- [TRY IT]: Repeat exactly, and only, the lines below starting at the line that contains "Hans Keck Austrian (1875-1941) Bronze" and ending at the line that contains "Neue Justiz (NJ), Zeitschrift", inclusive of both.

- [SUPPLIED MATERIAL]:
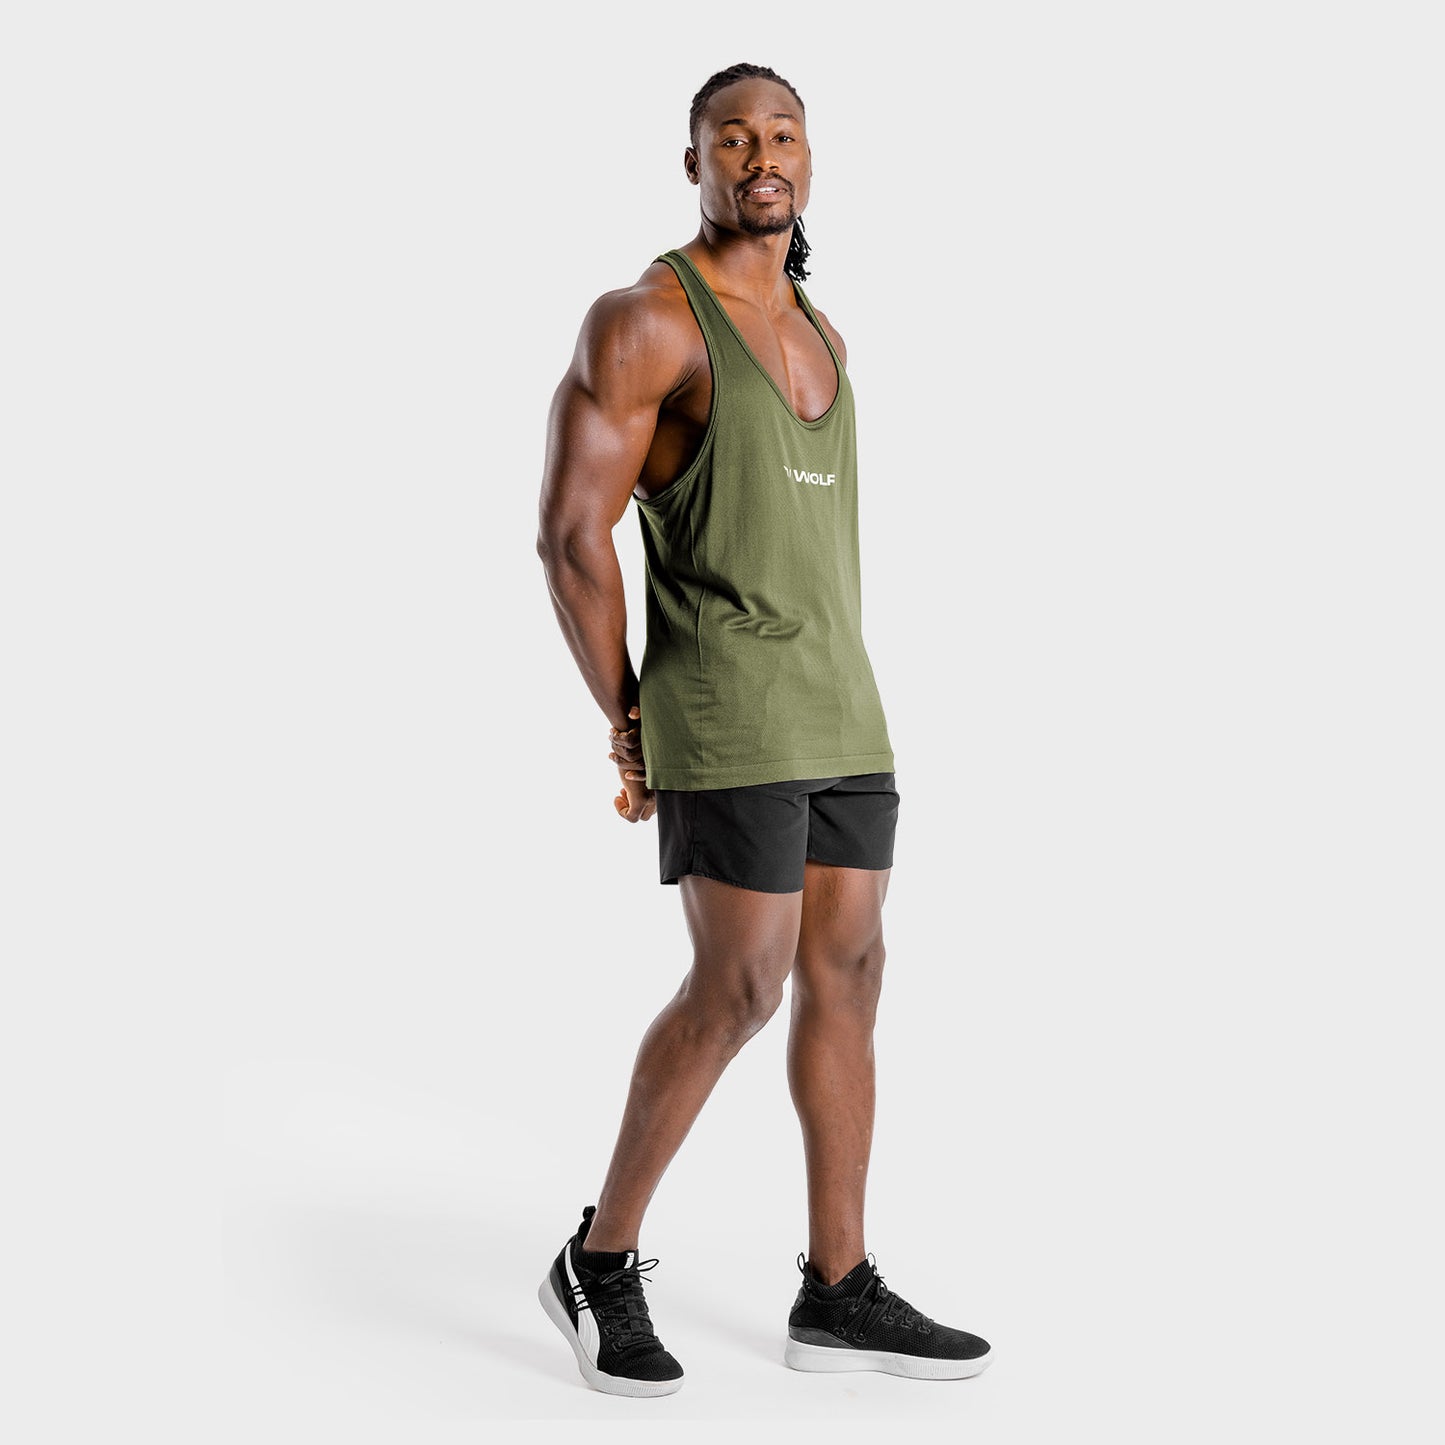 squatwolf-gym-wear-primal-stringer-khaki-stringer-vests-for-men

--

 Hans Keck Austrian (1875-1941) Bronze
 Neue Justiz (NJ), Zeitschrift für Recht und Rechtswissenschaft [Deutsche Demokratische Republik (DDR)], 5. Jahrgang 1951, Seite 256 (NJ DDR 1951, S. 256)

- [OUTPUT]:
 Hans Keck Austrian (1875-1941) Bronze
 Neue Justiz (NJ), Zeitschrift für Recht und Rechtswissenschaft [Deutsche Demokratische Republik (DDR)], 5. Jahrgang 1951, Seite 256 (NJ DDR 1951, S. 256)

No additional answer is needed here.